Multiplying by \(e^{-im'\phi}\) and averaging over \(\phi\) gives

\[ \frac{1}{2\pi}\int_0^{2\pi} d\phi \, \Sigma(R, \phi) e^{-im'\phi} = -\frac{1}{2\pi G} \int_0^\infty dk \, kS_{m'}(k) J_{m'}(kR), \]

where we used the orthogonality of the complex exponentials \(\int_0^{2\pi} e^{i(m-m')\phi} d\phi = 2\pi \delta_{mm'}\). Similarly, multiplying by \(R J_{m'}(k'R)\) and integrating over \(R\) gives

\[ S_m(k) =-G \int_0^{2\pi}d\phi \, e^{-im\phi} \int_0^\infty dR \, R \Sigma(R, \phi) J_m(kR), \]

where we used the orthogonality of Bessel functions \(\int_0^\infty dR \, R J_m(kR) J_m(k'R) = \delta(k-k')/k\). The potential can be written as

\[ \Phi(R, \phi, z) = \sum_{m=-\infty}^\infty \int_0^\infty dk \, e^{-k|z| + im\phi} J_m(kR) S_m(k). \]

For an axisymmetric disk, only the \(m=0\) term contributes,

\[ S_m(k) = -2\pi G \delta_{m0} \int_0^\infty dR \, R \, \Sigma(R) J_0(kR), \]

and the potential at the origin (\(R=0\), \(z=0\)) is

\[ \begin{align} \Phi(0, 0) &= \int_0^\infty dx \, J_0(0)e^0 S_0(k) \\ &= -2\pi G \int_0^\infty dk \int_0^\infty dR \, R \, \Sigma(R) J_0(kR) \\ &= -2\pi G \int_0^\infty dR \, \Sigma(R) \int_0^\infty d(kR) \, J_0(kR) \\ &= -2\pi G \int_0^\infty dR \, \Sigma(R) \end{align} \]

Problem 2.16

Spherical System

\[ \begin{align} \frac{d\Phi(r)}{dr} &= -4\pi G\frac{d}{dr}\left[ \frac{1}{r}\int_0^r dr'\, r'^2\rho(r') + \int_r^\infty dr' \, r' \rho(r') \right] \\ &= -4\pi G \left[-\frac{1}{r^2}\int_0^r dr' \, r'^2 \rho(r') + r \rho(r) - r\rho(r) \right] \\ &= \frac{GM(r)}{r^2} \ge 0. \end{align} \]
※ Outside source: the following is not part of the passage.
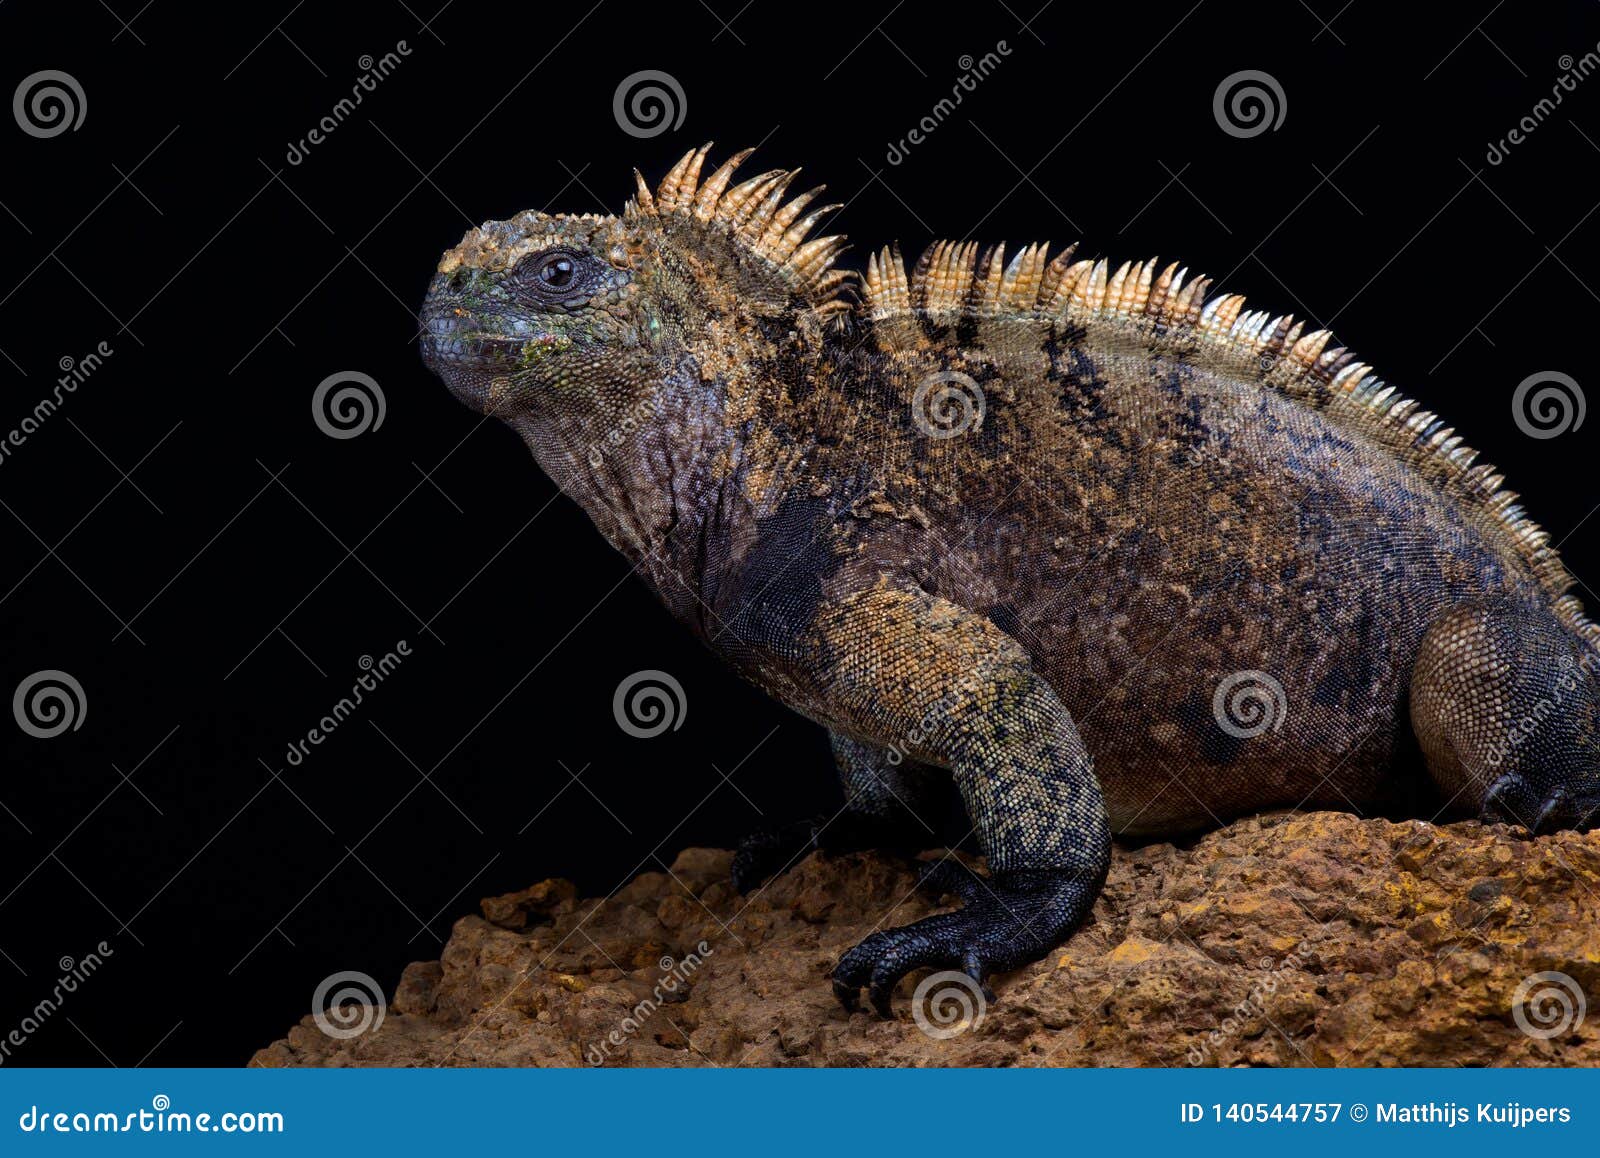 marine iguana amblyrhynchus cristatus hassi

The potential is thus a non-decreasing function of \(r\).

Axisymmetric System

Consider the density profile

\[ \Sigma(R) = \frac{M}{2\pi a}\delta(R - a). \]

We have

\[ S_0(k) = -\frac{GM}{a}\int_0^\infty dR \, R \, \delta(R - a) J_0(kR) = -GM J_0(ka). \]

And

\[ \Phi(R, 0) = -GM \int_0^\infty dk \, J_0(kR) J_0(ka) = -\frac{2GM}{a\pi} \begin{cases}K\left(R^2/a^2\right) & R < a \\ aK\left(a^2/R^2\right)/R & R > a \end{cases}, \]
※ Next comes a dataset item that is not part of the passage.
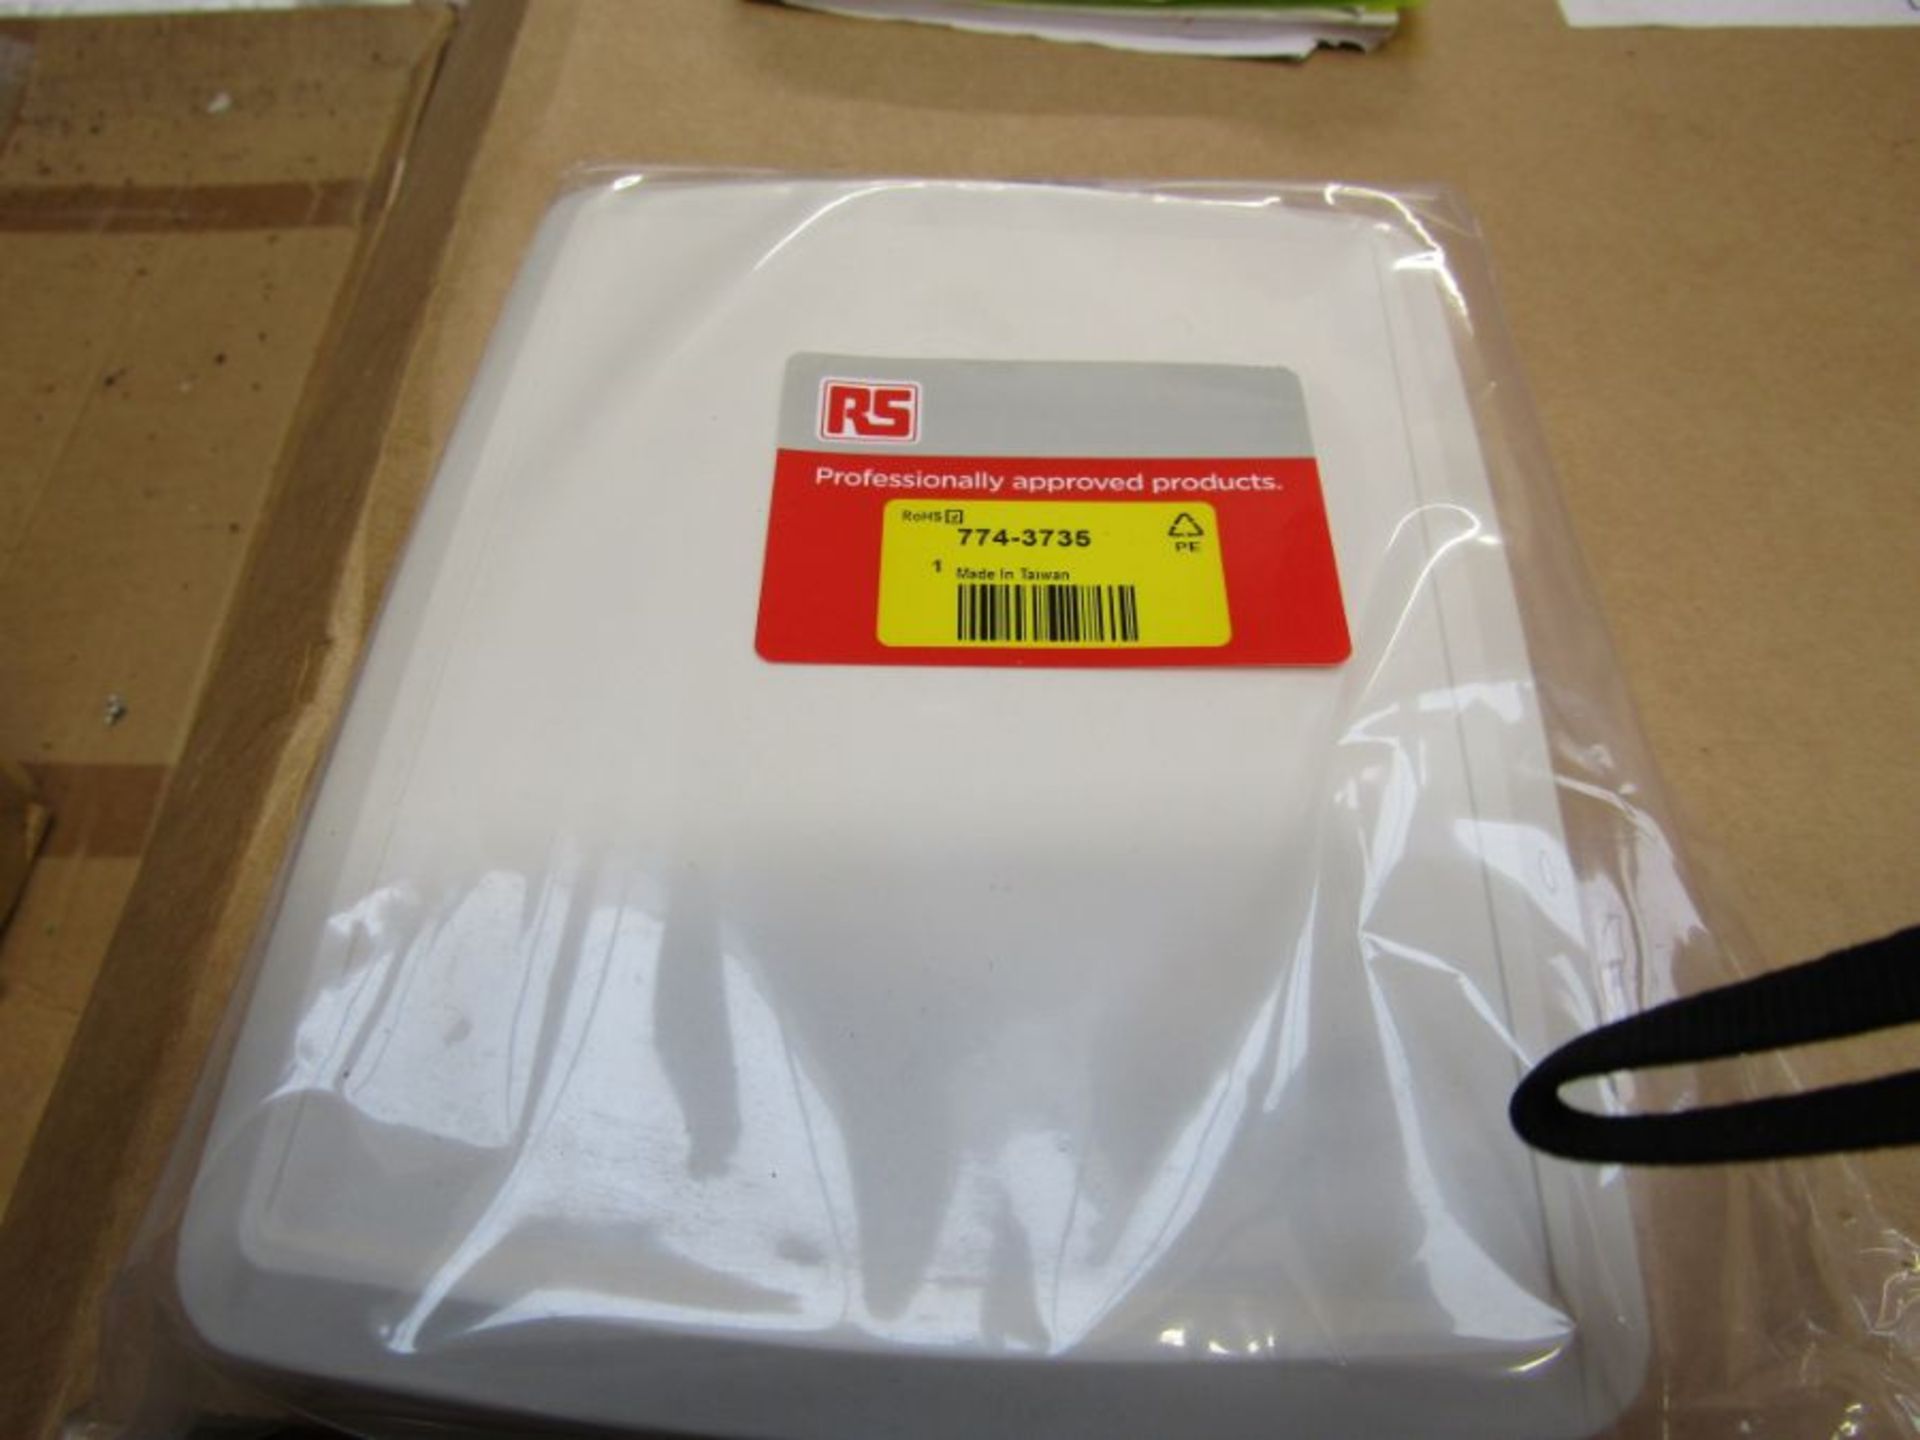 100 x Instrument Case / Enclosure ABS White, 190 x 150 x 30mm - 7743735

which decreases from \(R=0\) to \(R=a\) and then increases for \(R>a\), that is, the potential is not a monotonic function of \(R\).

Problem 2.17

With \(R^2 = X^2 + z^2\)

\[ \begin{align} \mu(X) &= 2\int_0^\infty dz \, \Sigma(\sqrt{X^2 + z^2}) \\ &= 2 \int_X^\infty dR\, \frac{R}{\sqrt{R^2 - X^2}} \Sigma(R). \end{align} \]
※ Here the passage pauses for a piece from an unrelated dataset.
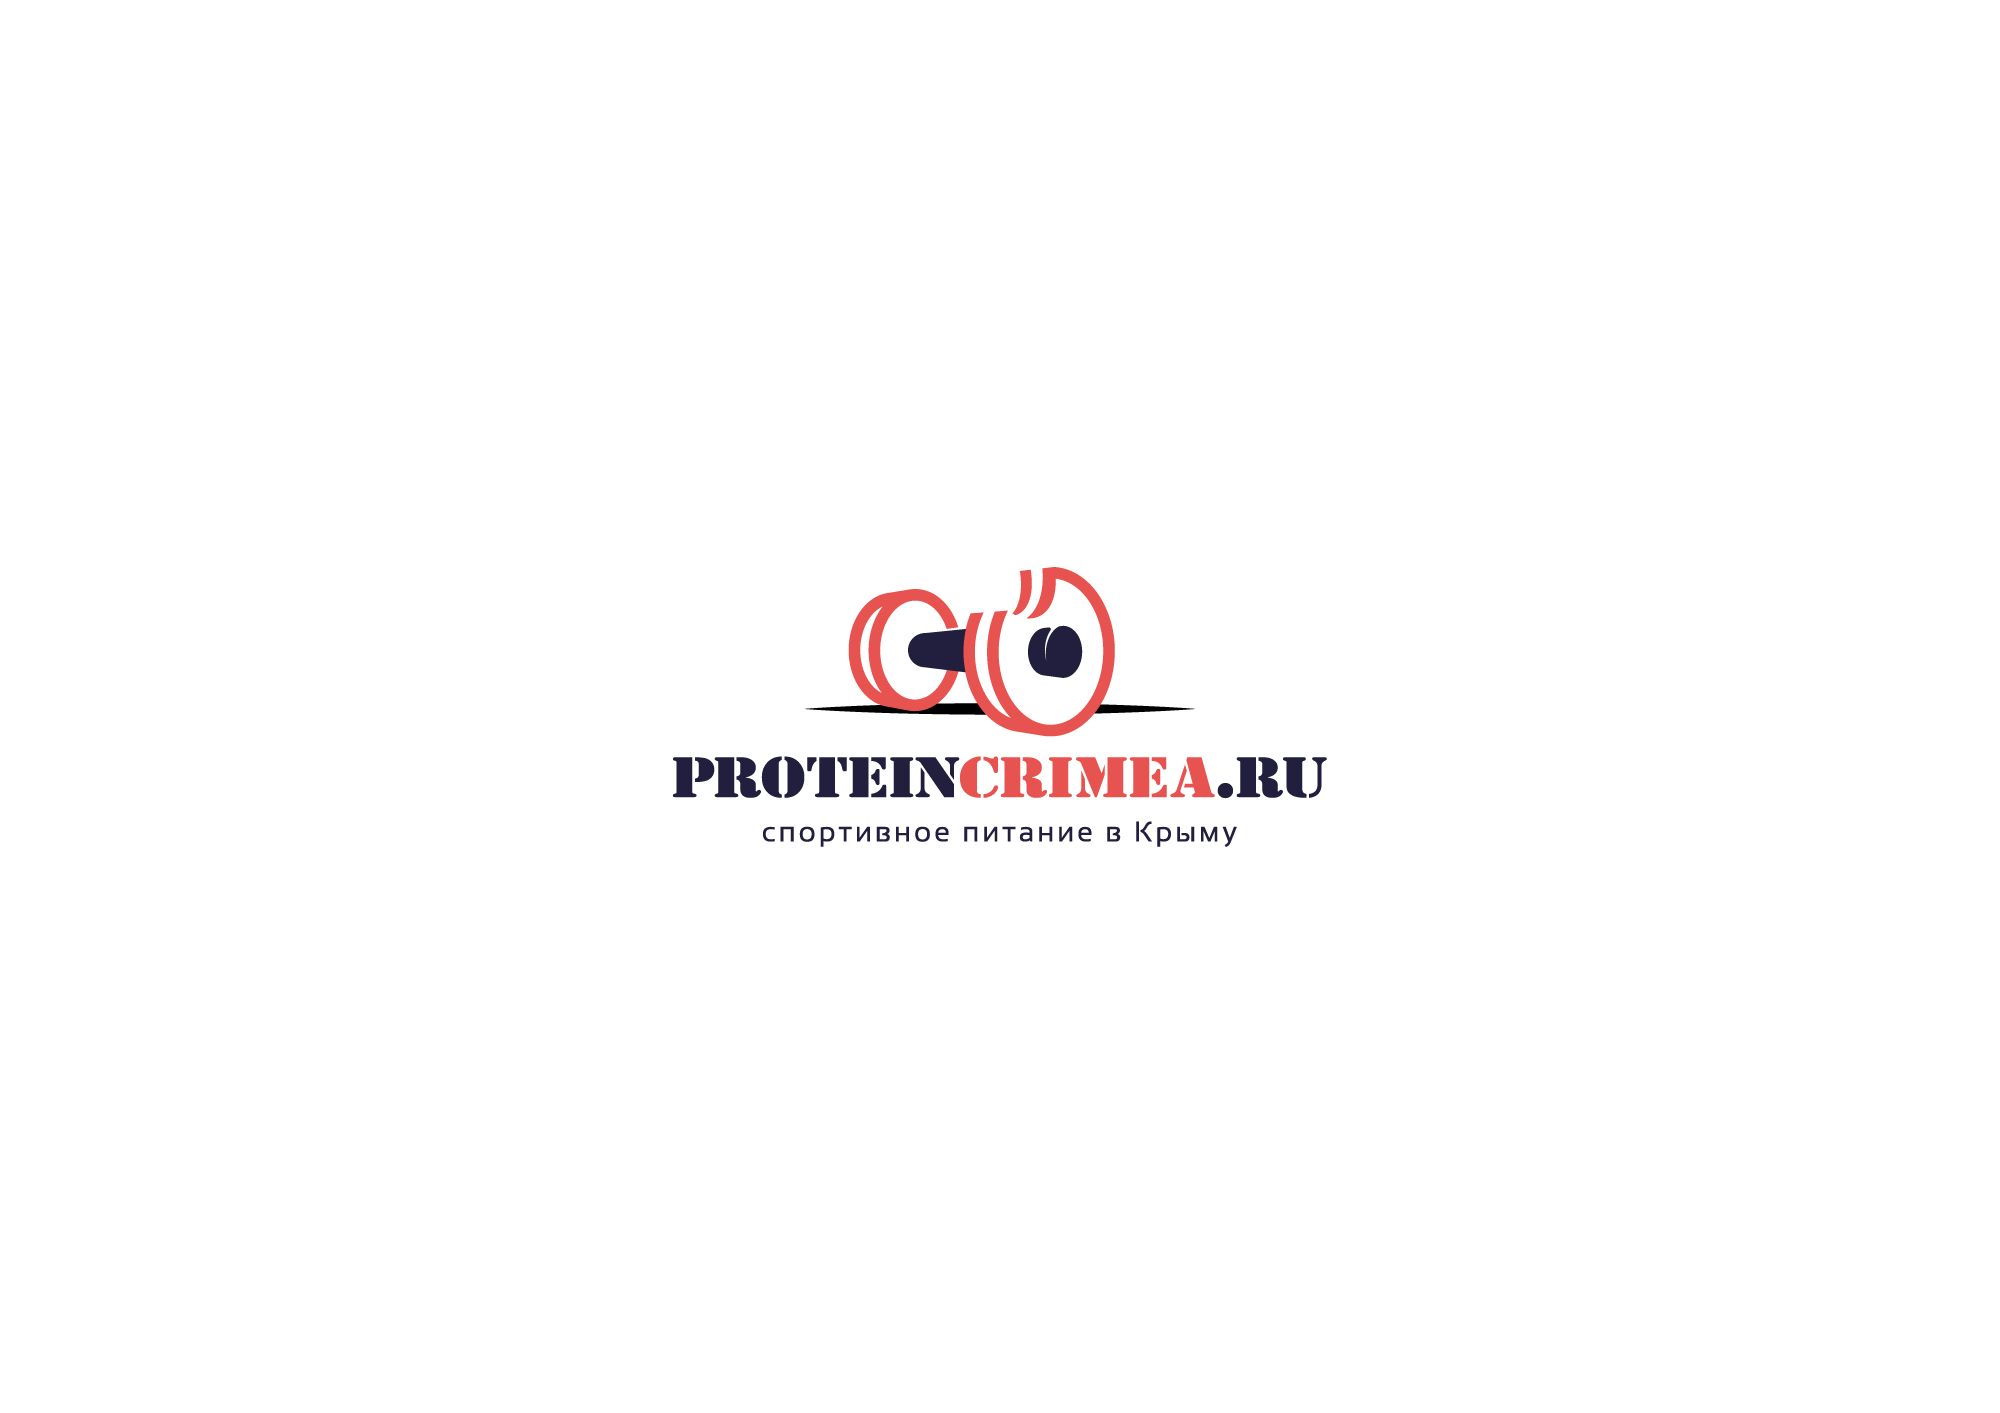 Логотип для ProteinCrimea.ru - дизайнер zanru

Using Abel's inversion formula

\[ \Sigma(R) = -\frac{1}{\pi} \int_R^\infty dX \, \frac{1}{\sqrt{X^2 - R^2}}\frac{d\mu}{dX}. \]

Therefore

\[ \begin{align} \Phi(R, z) &= 4G\int_0^\infty da\, \sin^{-1}\left(\frac{2a}{\sqrt{+} + \sqrt{-}} \right) \frac{d}{da} \int_a^\infty dR' \, \frac{R'}{\sqrt{R'^2 - a^2}} \Sigma(R') \\ &= 2G \int_0^\infty da \, \sin^{-1}\left(\frac{2a}{\sqrt{+} + \sqrt{-}} \right) \frac{d\mu}{da}, \quad\text{with } \sqrt{\pm} = \sqrt{z^2 + (R \pm a)^2}. \end{align} \]

Problem 2.18

\[ \begin{align} \Sigma(R) &= \frac{1}{2\pi G} \int_0^\infty dk \, k J_0(kR) \int_0^\infty dR' \, v_c^2(R') J_1(kR') \\ &= \frac{v_0^2}{2\pi G} \int_0^\infty dk \, k J_0(kR) \int_0^\infty dR' \, \frac{J_1(kR')}{1 + R'^2/a^2} \\ &= \frac{v_0^2}{2\pi G} \int_0^\infty dk \, J_0(k R) \left(1 - e^{-ak} \right) \\ &= \frac{v_0^2}{2\pi G R}\left[1 - \frac{1}{\sqrt{1 + a^2 / R^2}} \right]. \end{align} \]

Problem 2.19 🌶️

Solutions in spherical coordinates are

\[ \Phi_{lm}(r, \theta, \phi) = \frac{B_{lm}}{r^{l + 1}} Y_l^m(\theta, \phi) = \frac{B_{lm}N_{lm}}{r^{l + 1}} P_l^m(\cos\theta) e^{im\phi}, \]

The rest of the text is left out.